Look through the records below for the line holding "Naviblue Bridal 2018". Write it out exactly, with each following line through the line holding "Good Kid Maad City Album".

Input data —
== Segment start ==

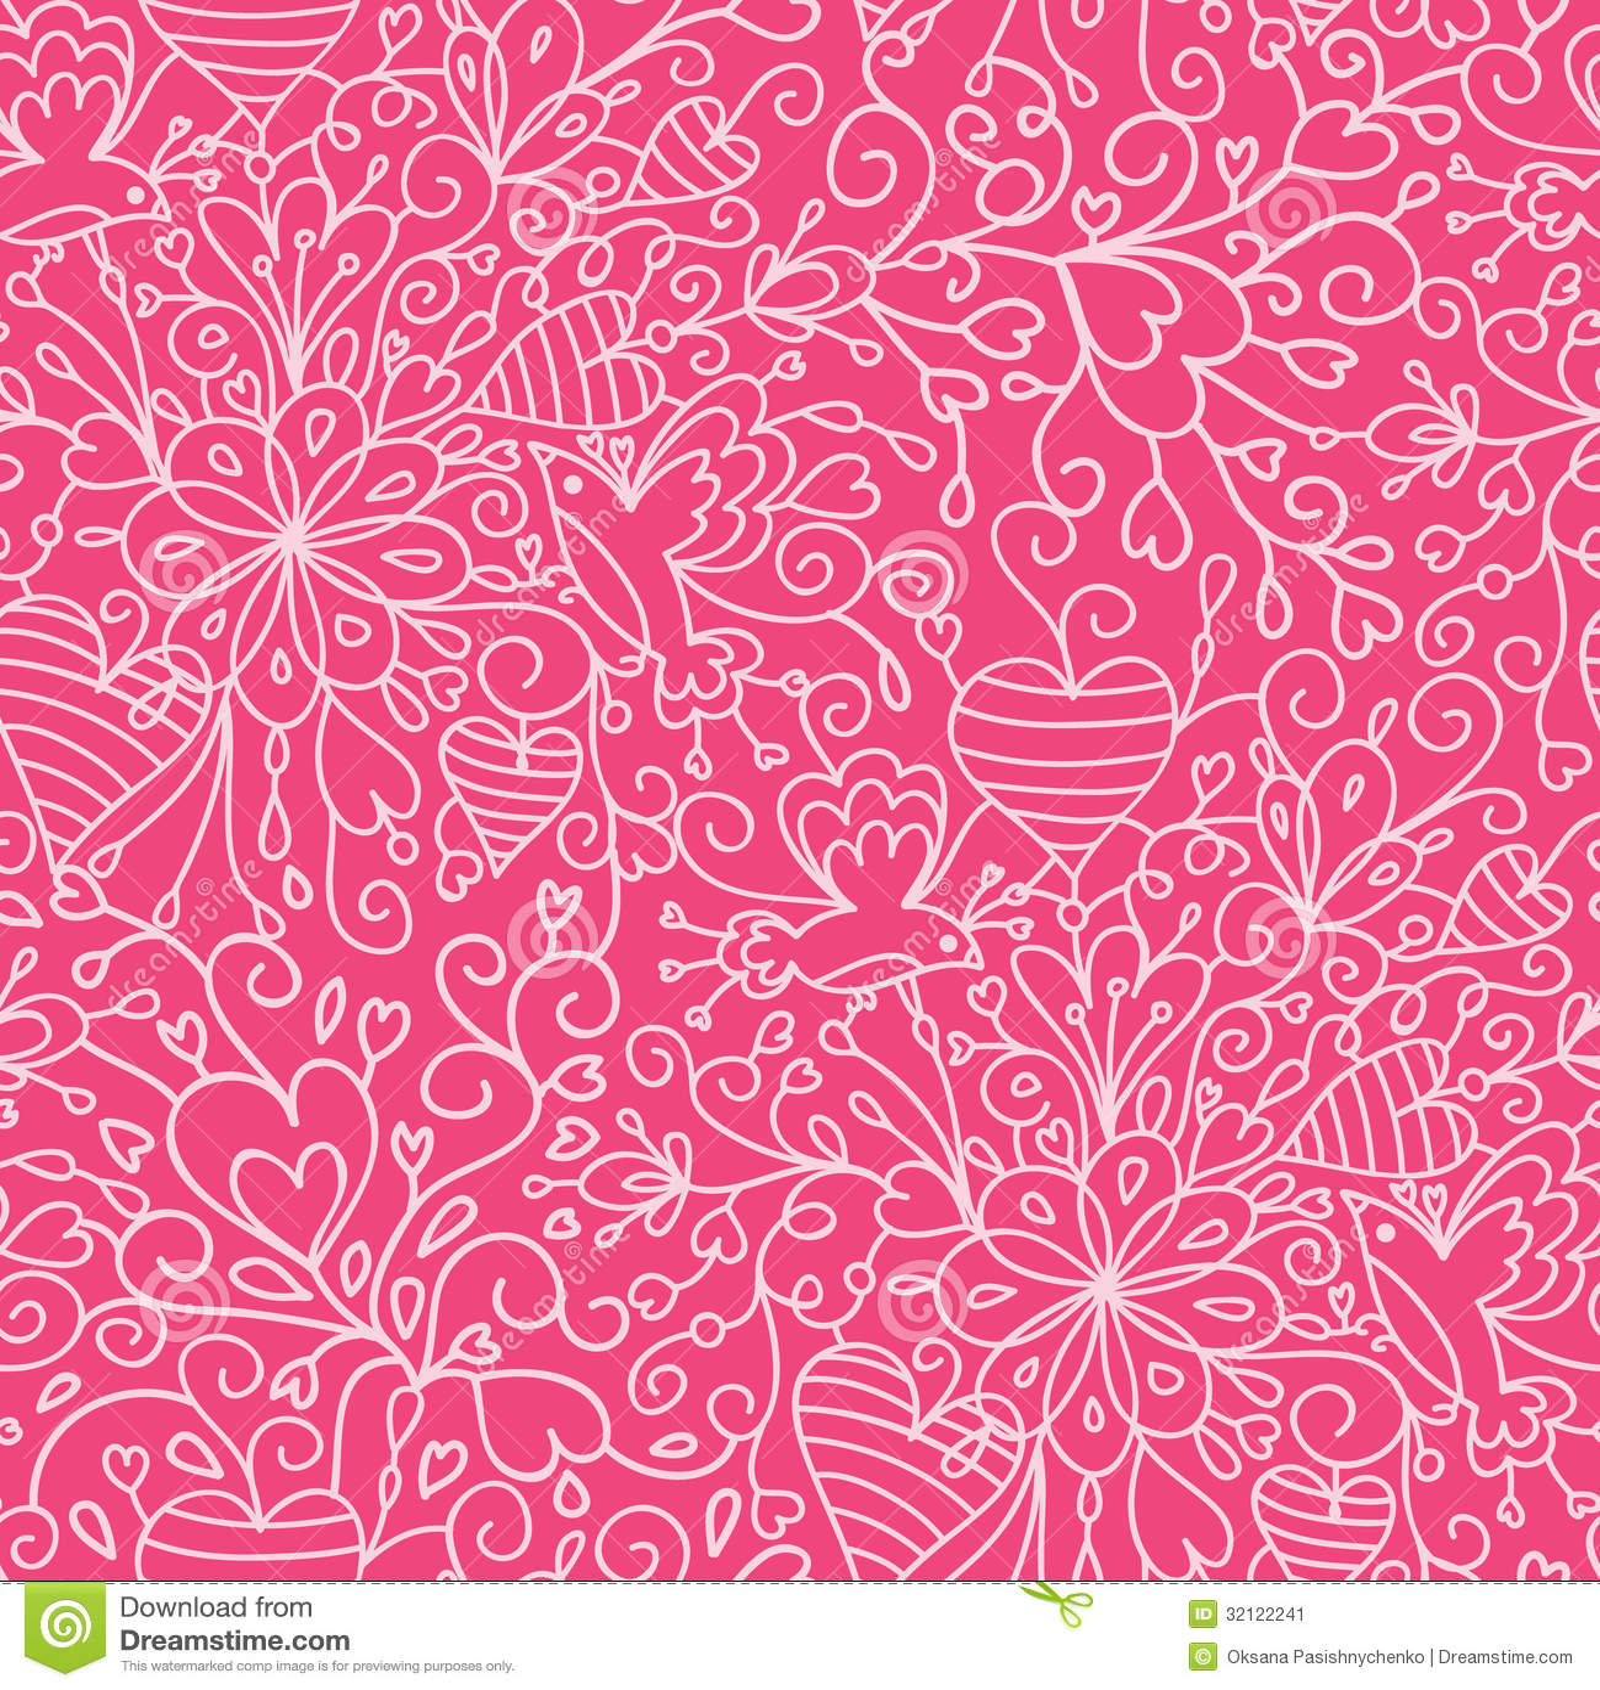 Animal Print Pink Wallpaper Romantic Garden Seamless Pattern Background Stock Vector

== Segment end ==
== Segment start ==

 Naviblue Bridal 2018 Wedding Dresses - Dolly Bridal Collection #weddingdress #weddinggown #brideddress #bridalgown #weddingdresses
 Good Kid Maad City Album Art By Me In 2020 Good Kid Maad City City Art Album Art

== Segment end ==
== Segment start ==

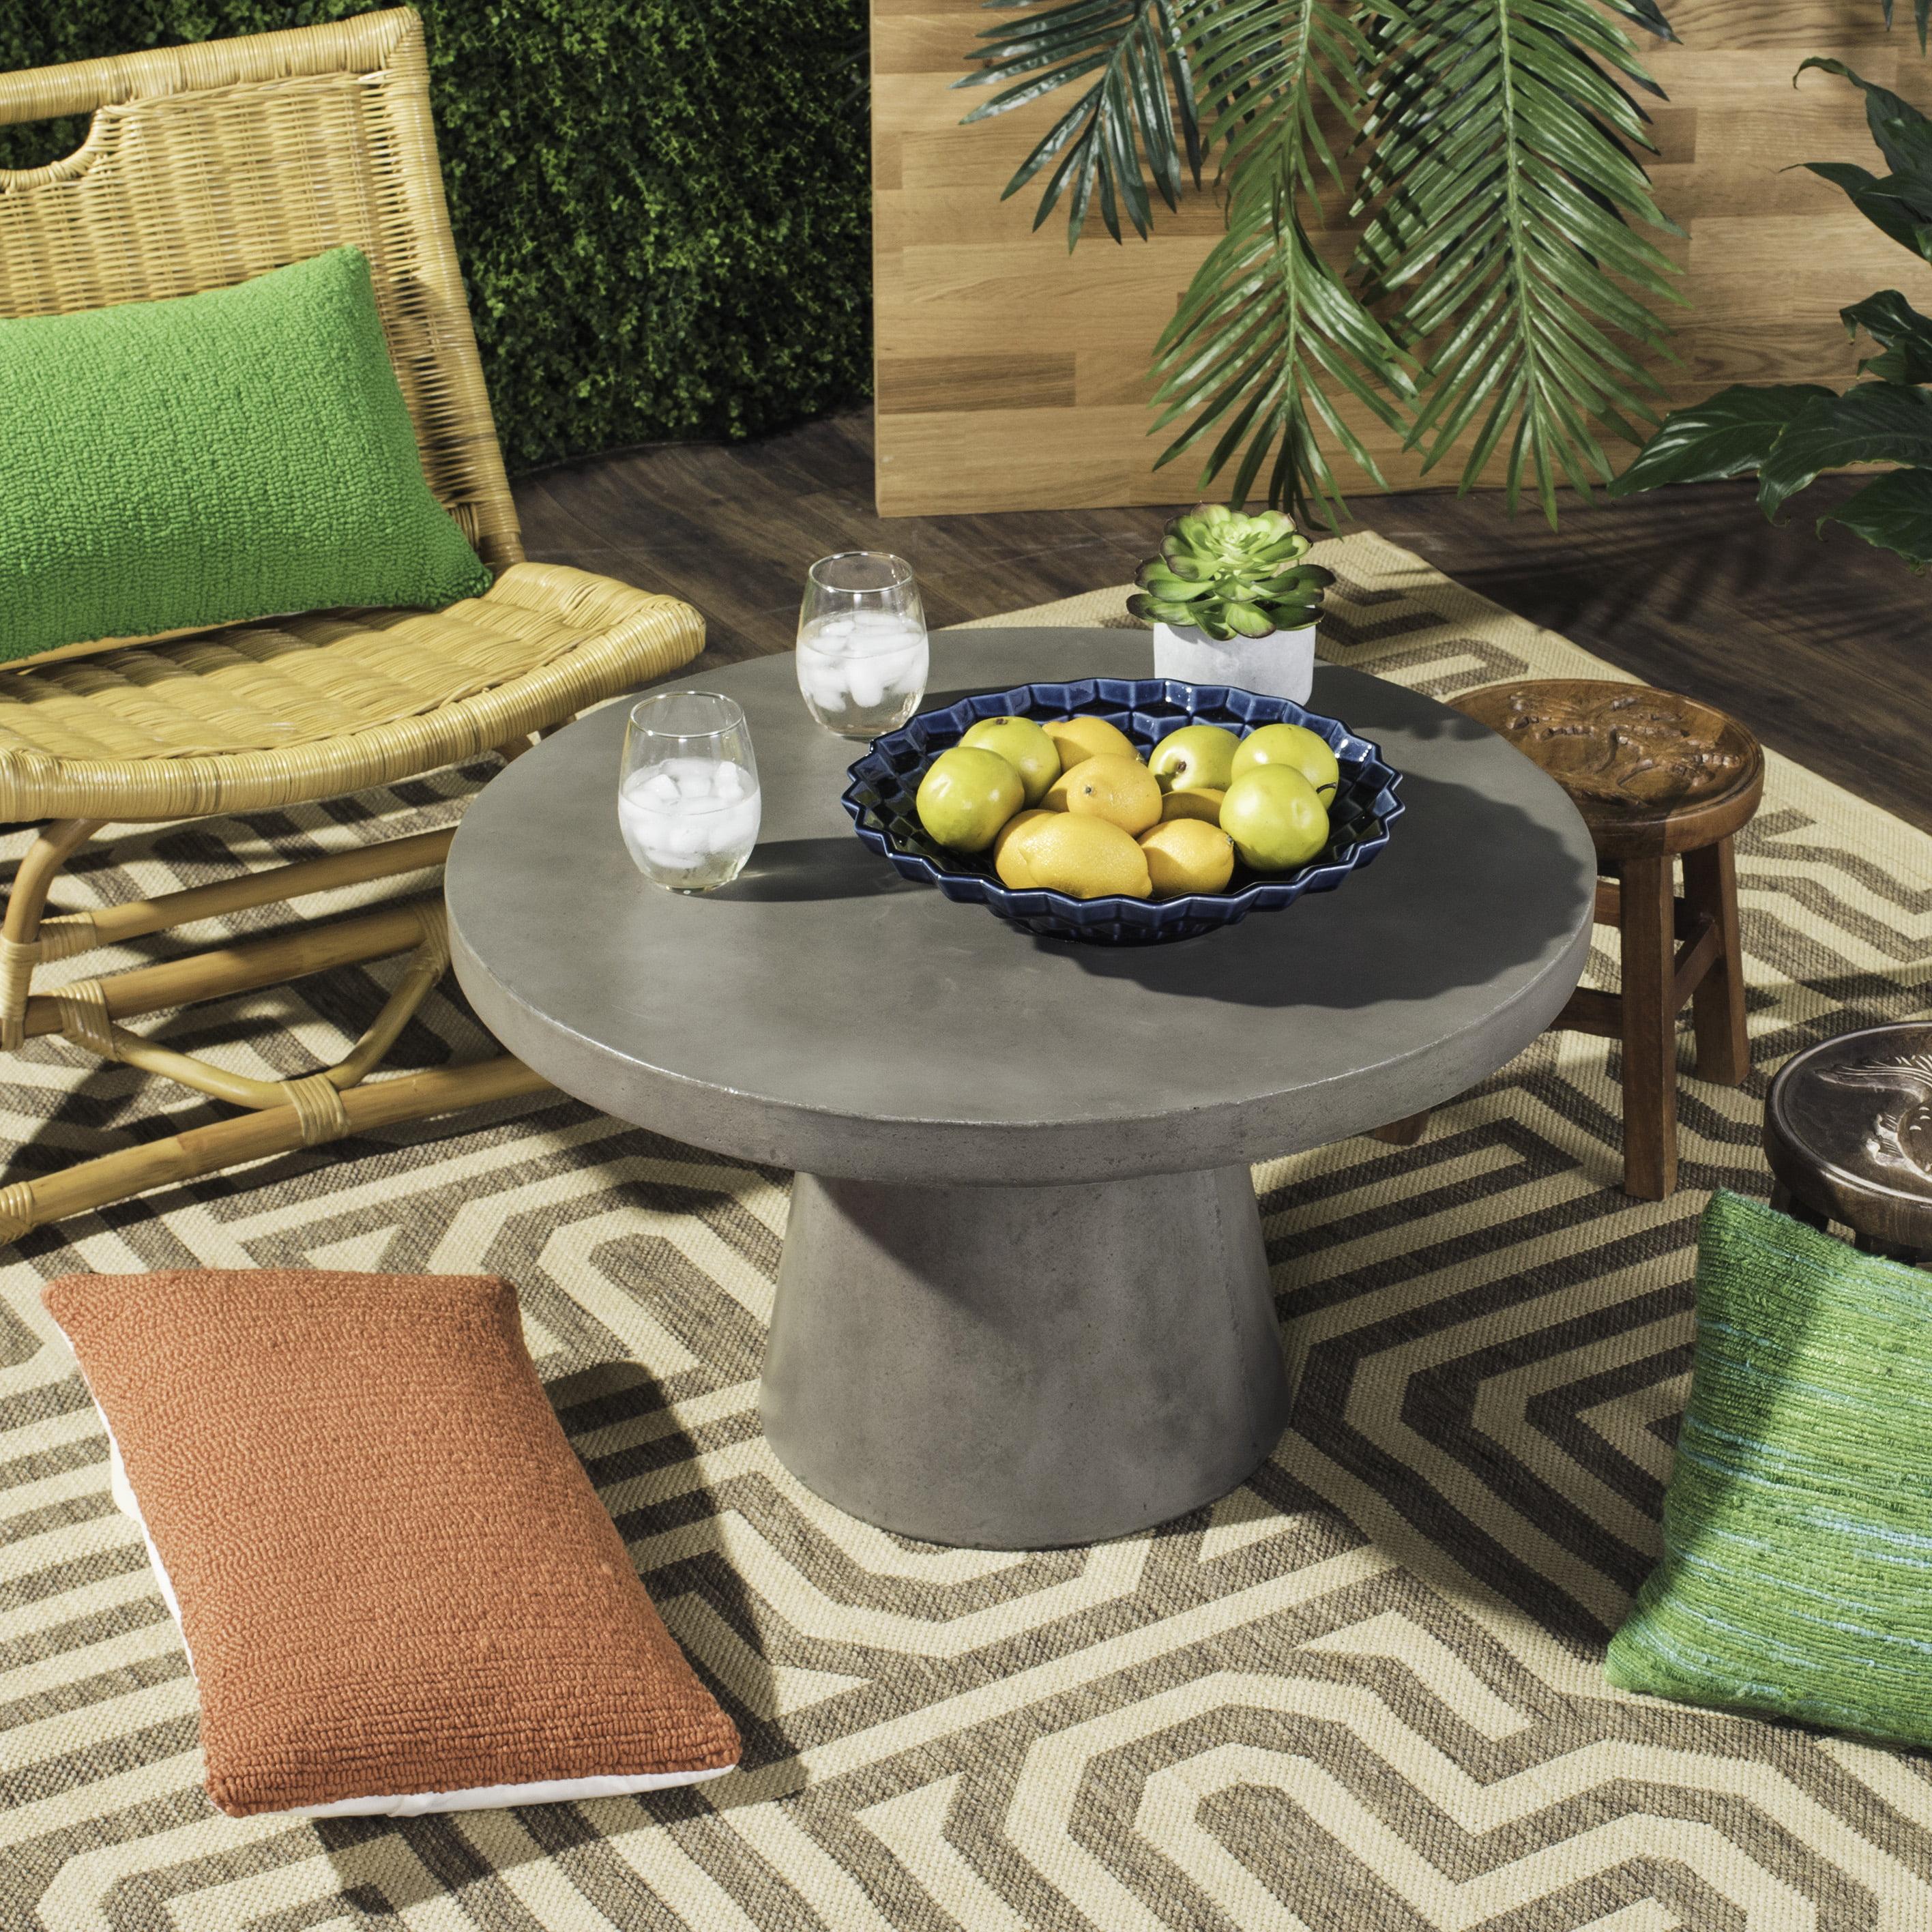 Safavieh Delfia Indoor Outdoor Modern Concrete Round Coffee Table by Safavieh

== Segment end ==

Answer below —
 Naviblue Bridal 2018 Wedding Dresses - Dolly Bridal Collection #weddingdress #weddinggown #brideddress #bridalgown #weddingdresses
 Good Kid Maad City Album Art By Me In 2020 Good Kid Maad City City Art Album Art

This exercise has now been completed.